Hermione laughed. "No. There's nothing. It will be Harry sent to clear out my things, and he already knows everything in my diary. And I kicked the Dreamless Sleep habit years ago."
"Will you humor me for a moment, then?"
"Humor you?"
"Yes. I'm allowed a bit of Christmas Eve nostalgia of my own, you know."
He wouldn't say another word on it, just led her though the castle by her hand again. He brought her to the Charms corridor where Knightly, the Charms professor, had put up a sprig of enchanted mistletoe. Hermione had heard more stories of students trying to avoid it or trying to break the enchantment without a kiss when they were caught beneath it than she cared to recall.
"The mistletoe?" she asked when he paused just outside the range of the charms.

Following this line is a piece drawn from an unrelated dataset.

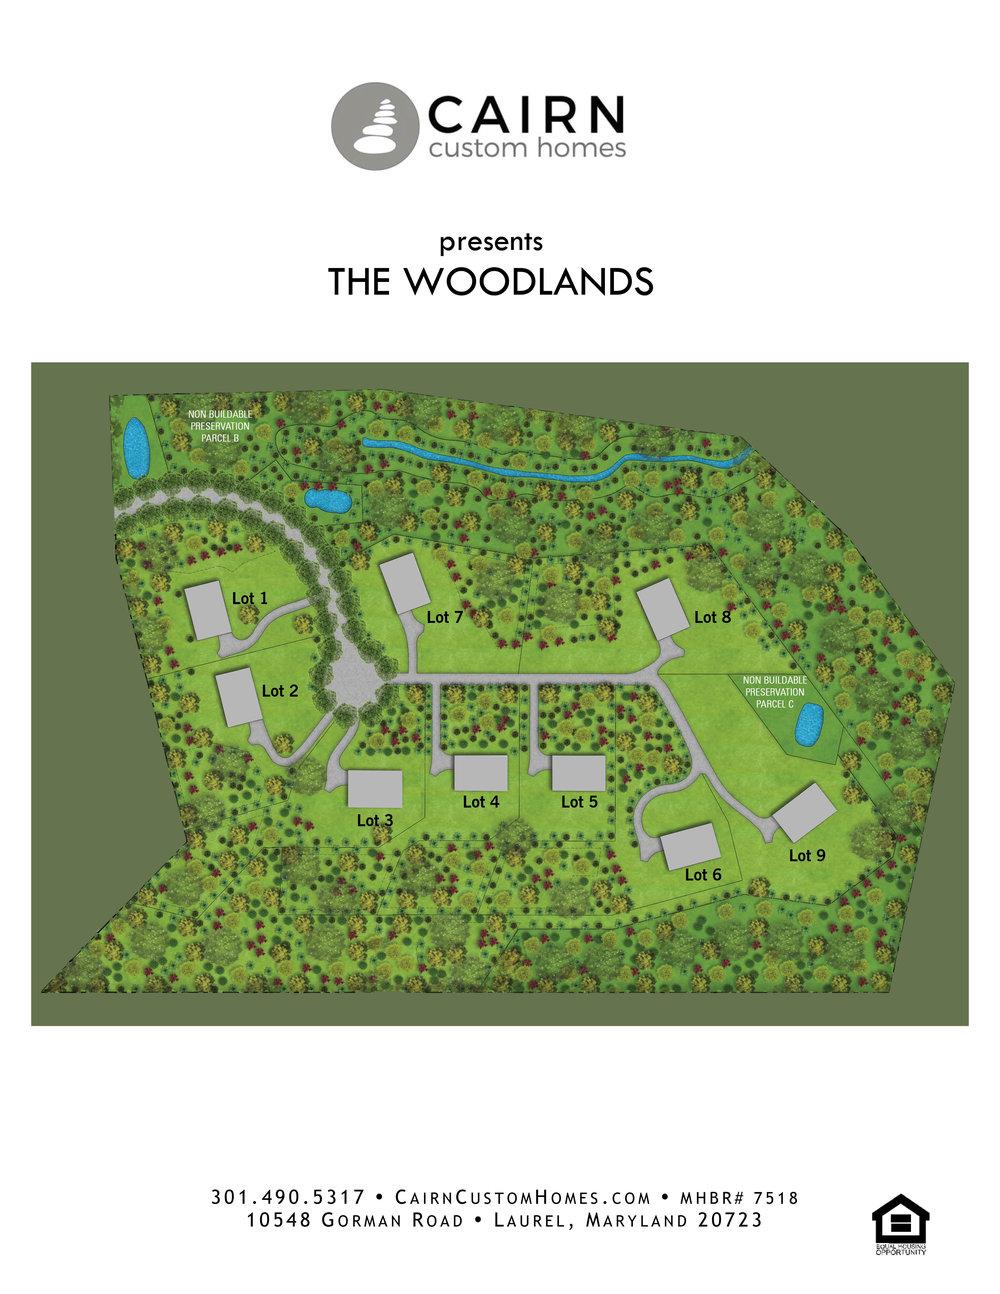 Cairn Custom Homes - The Woodlands JPEG.jpg
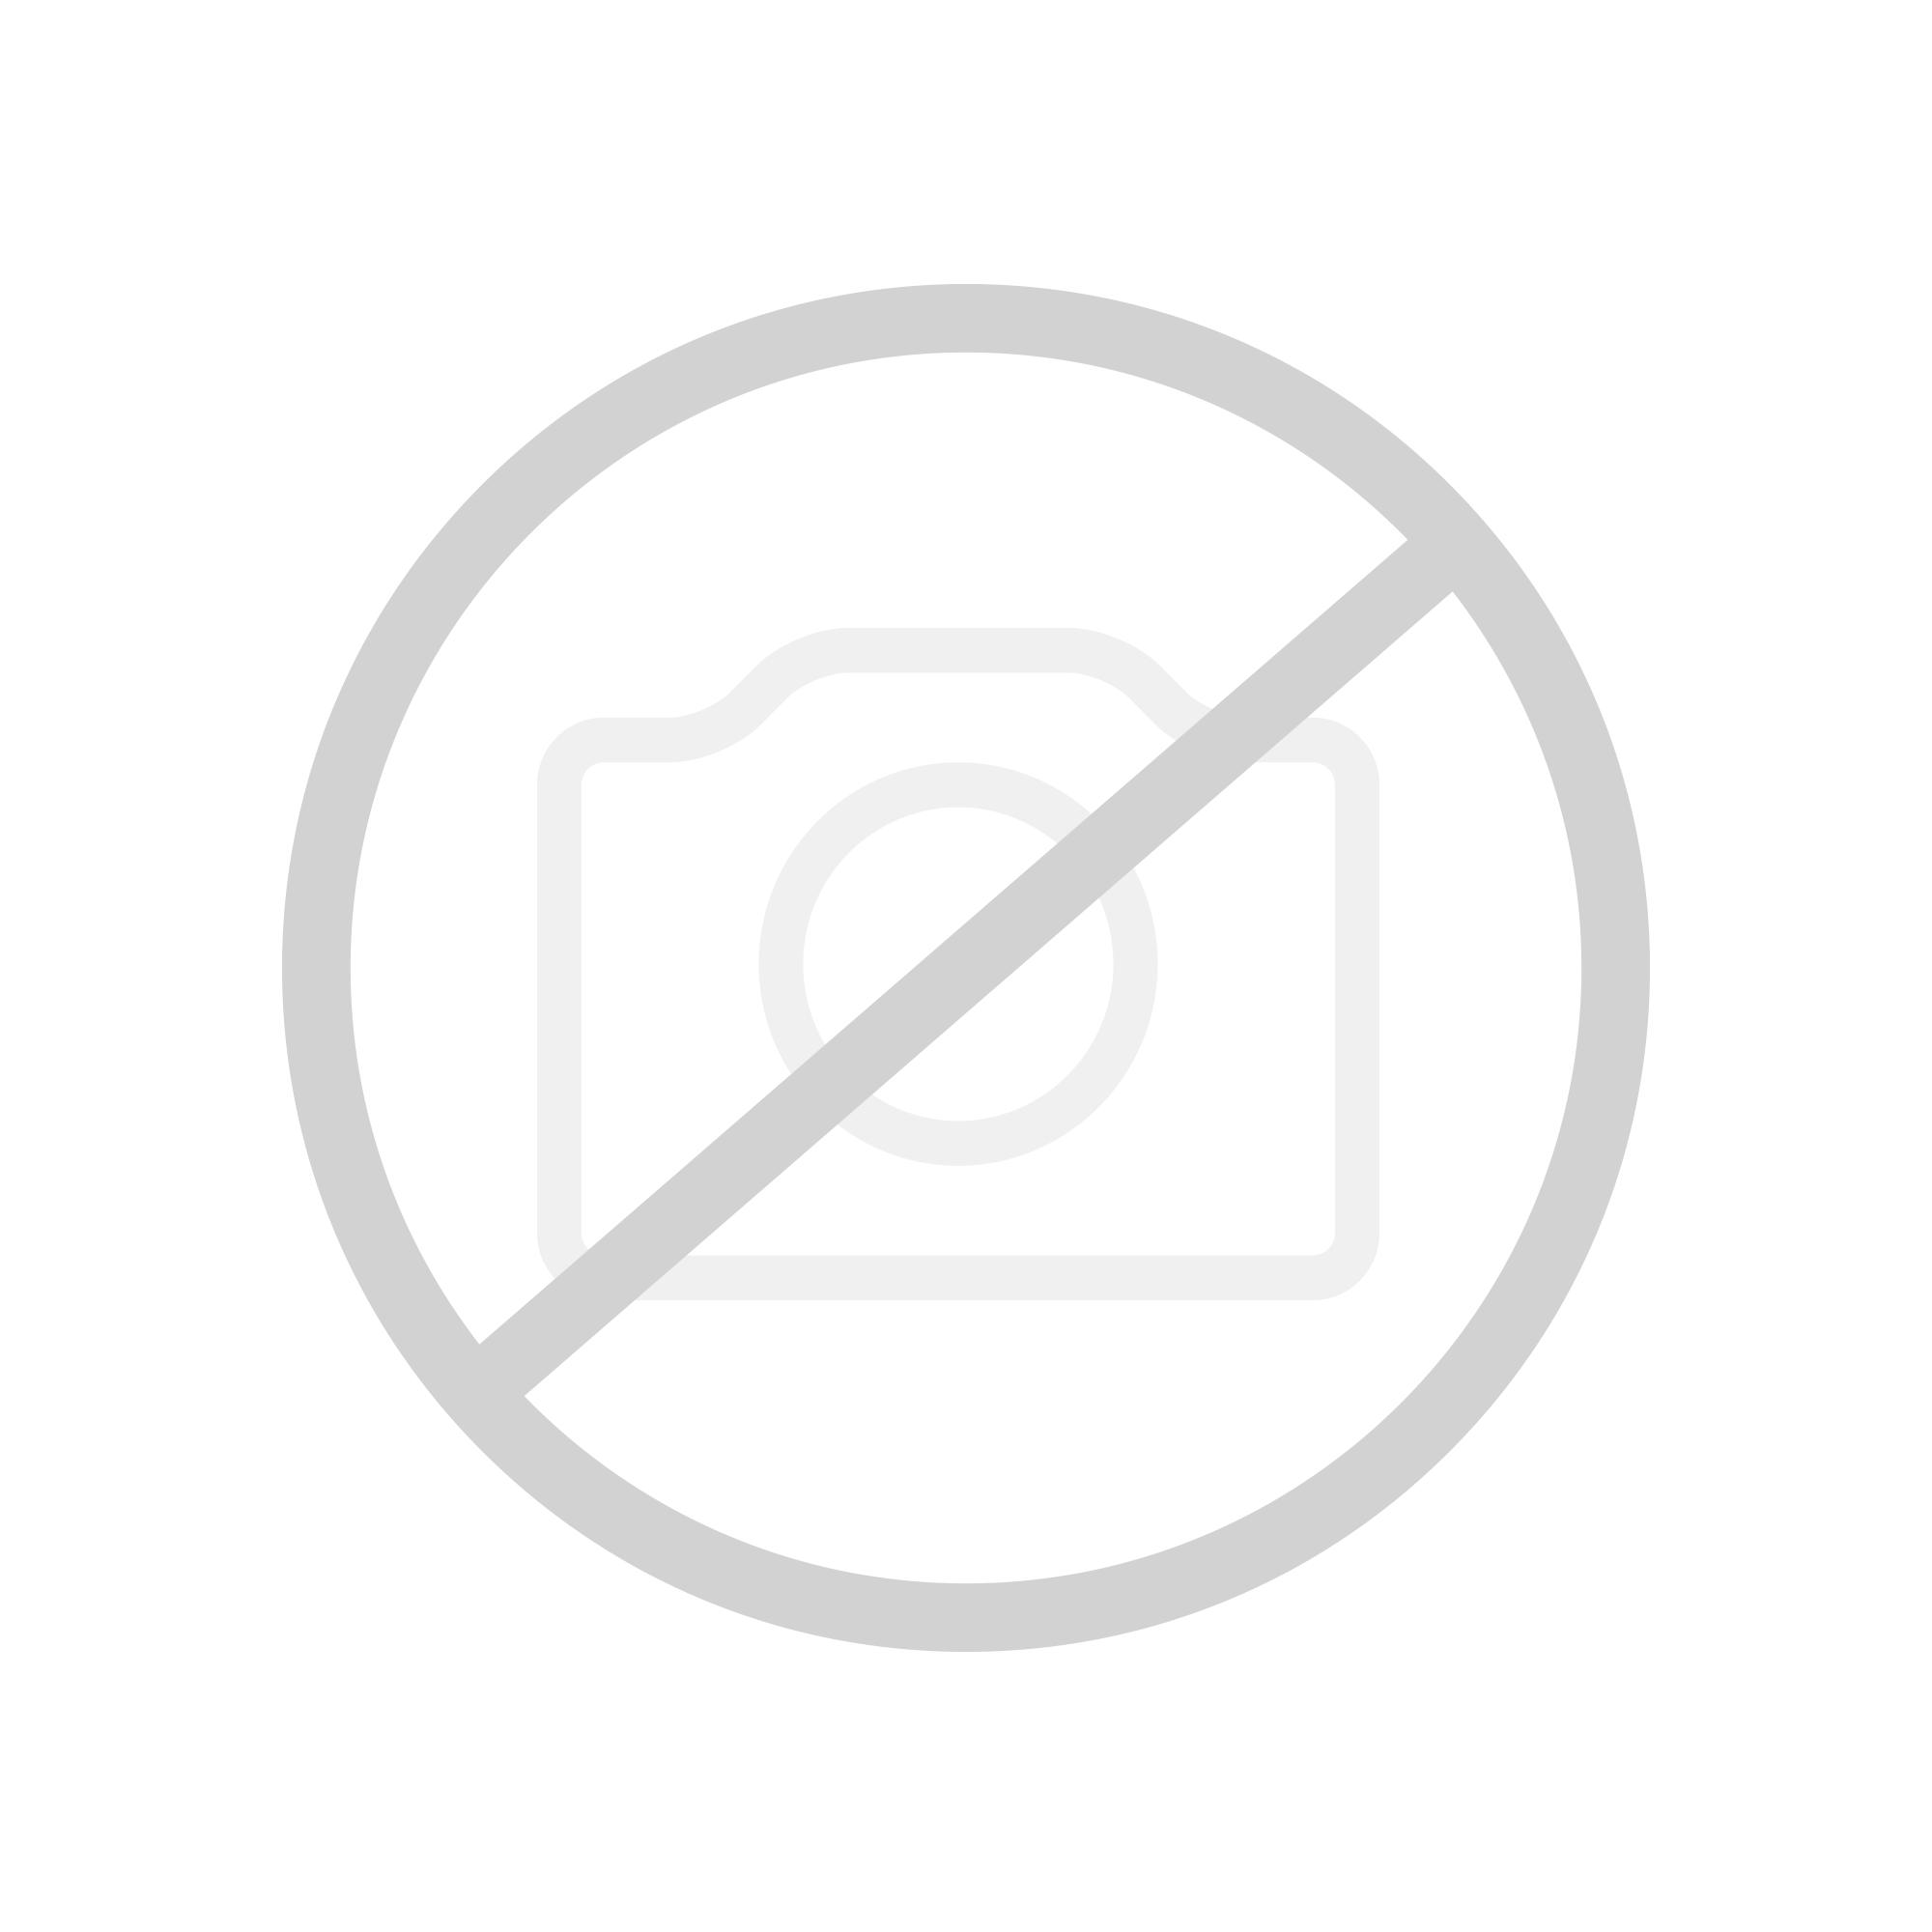 Wandarmaturen bad grohe  Grohe Armaturen online bestellen im REUTER Shop

"You were caught under it the first year you taught," he said. She nodded, smiling at the memory. She'd kissed a first year on the cheek to get out from underneath it, laughing heartily at the dread on the little boy's face when he'd first thought he'd been caught under the mistletoe with a teacher and she'd been about to plant a wet one on him. It was one of her fondest memories of the castle.
"Poor Mister Avery," she said, still smirking to herself.
"Logan told me about it, and the thought never really went away," he said, then stepped beneath the mistletoe. The charm wouldn't really work on him since he was a ghost, but that was beside the point. He held a hand out to her.
"A proper kiss this time, I think," she said. He smiled.